Gary Caldwell proud to hit 50 caps but pain of first game still vivid
GARY Caldwell will be the proudest man at Hampden this afternoon when he takes to the field as Scotland captain to win his 50th international cap.
But although the centre-half-cum-midfielder is now seen as the cornerstone of the national team, and will take his place in Scottish football’s Hall of Fame as a result of bringing up the half-century, there was a time when he harboured little hope of winning a handful of caps, never mind 50.
After all, his debut in 2002, which also marked the start of Berti Vogts’ reign as manager, was less than auspicious. Scotland lost 5-0 in the Parc des Princes on a night when few if any of the visiting players emerged with credit, and as the then 19-year-old trudged disconsolately off the pitch, he did not dare to dream that a decade on he would have taken his tally to 50.
“I couldn’t envisage two caps,” Caldwell admitted yesterday. “But that’s international football.
“That day I was thrown in, and it’s an eye-opener.
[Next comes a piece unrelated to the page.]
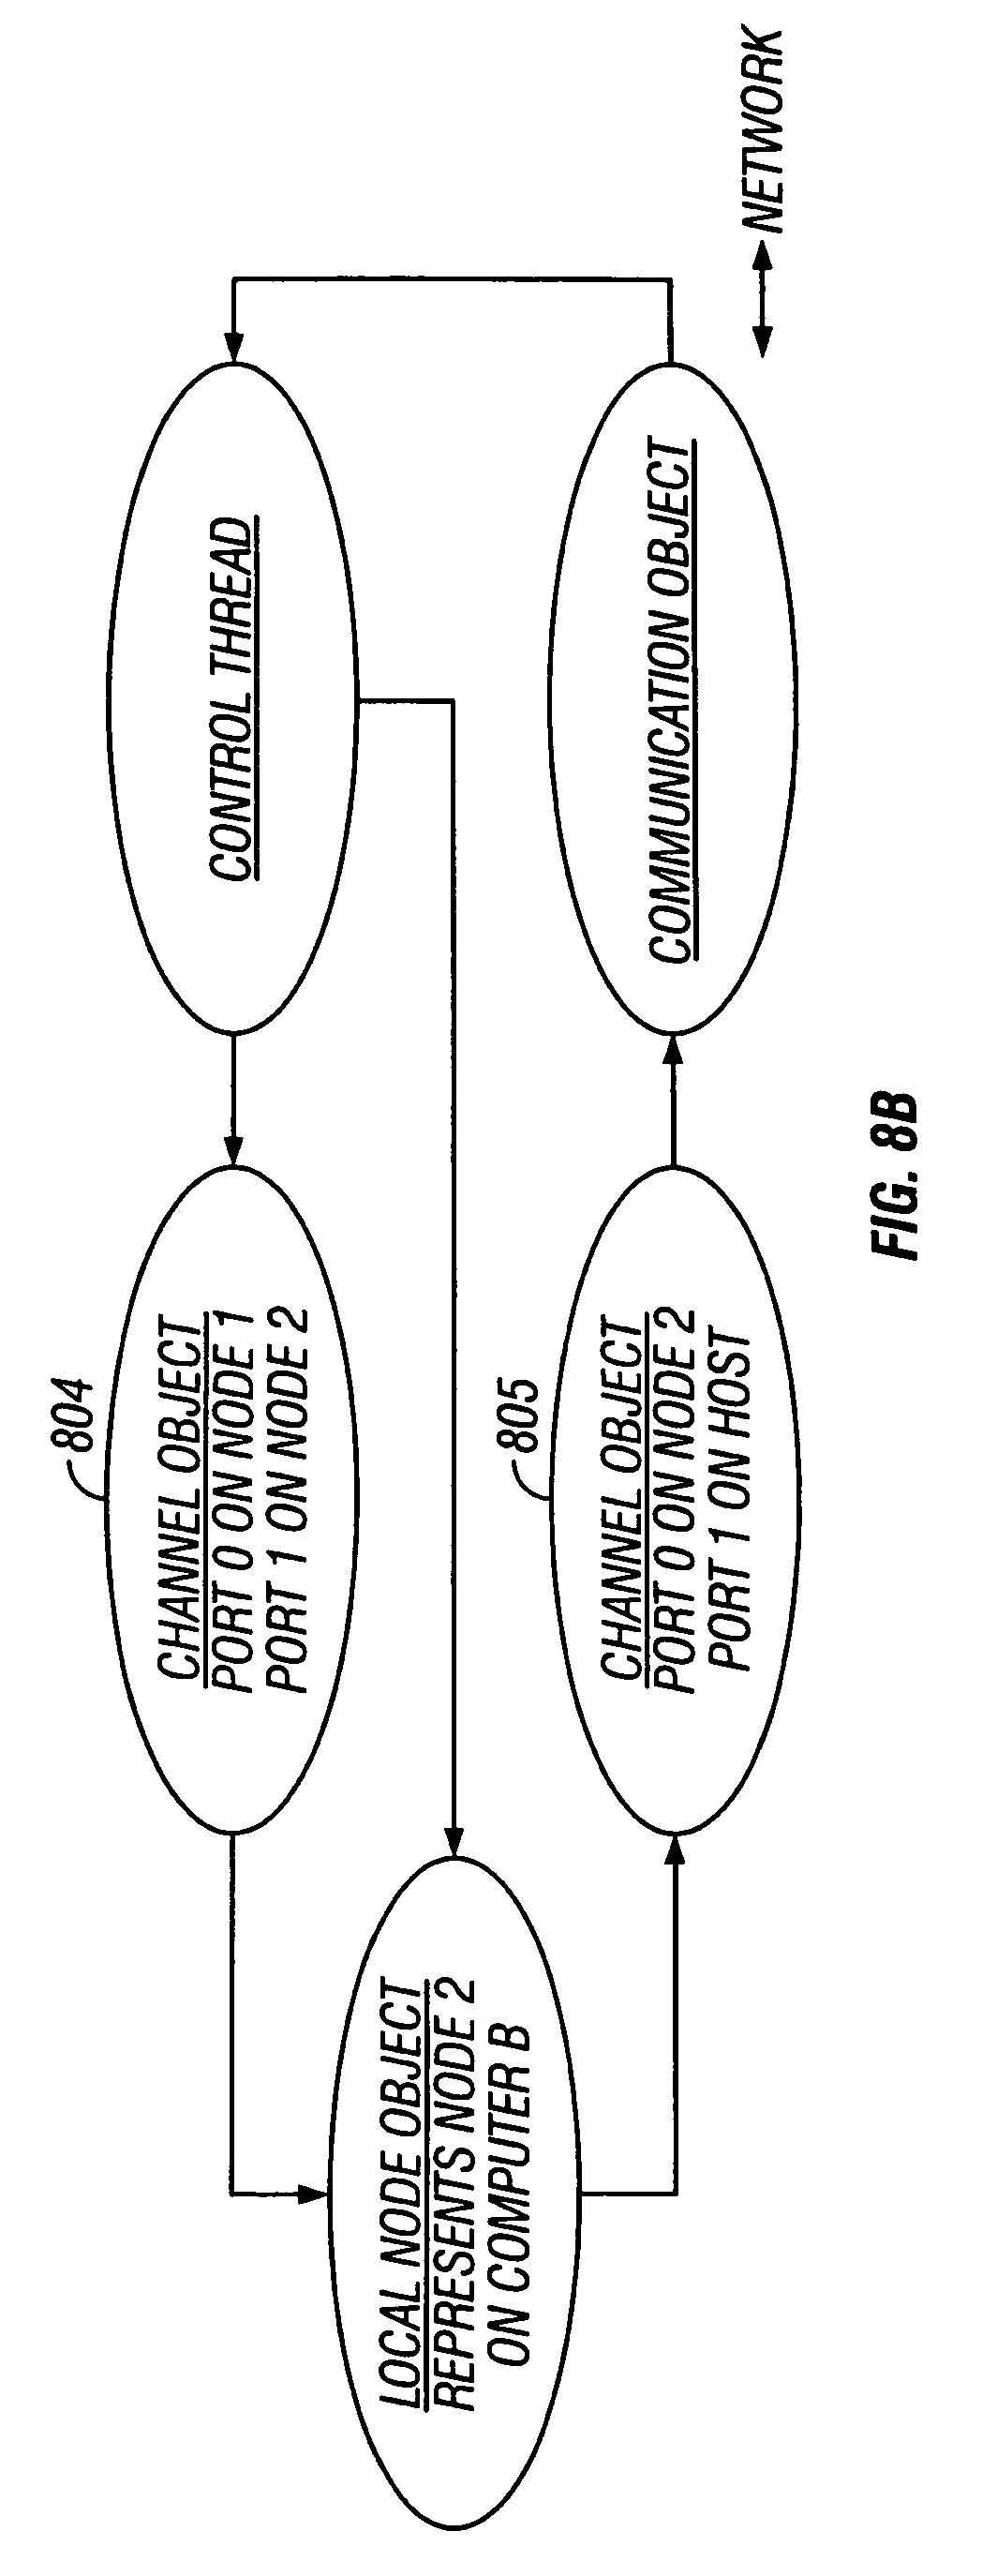 patent us7404170

You have to stand up and be counted, or you fall by the wayside. It was a big eye-opener for me. We played the best team in the world, one of the best teams that has probably ever been. It was a great experience and one which made me want more international games and want to play at that level.”
That was the positive side of what was otherwise a severe humiliation for the Scots: the understanding that here, in the play of Zinedine Zidane and his team-mates, was a standard to aspire to. And, although he was dejected by the outcome of that friendly, Caldwell’s faith in his own ability was unshaken.
“I think in football if you doubt yourself, you’re going to have plenty people doubting you. You have to be strong and believe in what you do, or it’s going to be very difficult.
“When you play against Zidane and players like that that you’ve watched on the telly, you want to play against them all the time and improve and try and compete with these guys. Just having that challenge to try and get better, to manage to play on the same pitch and compete with them, was something that I looked forward to trying to achieve.”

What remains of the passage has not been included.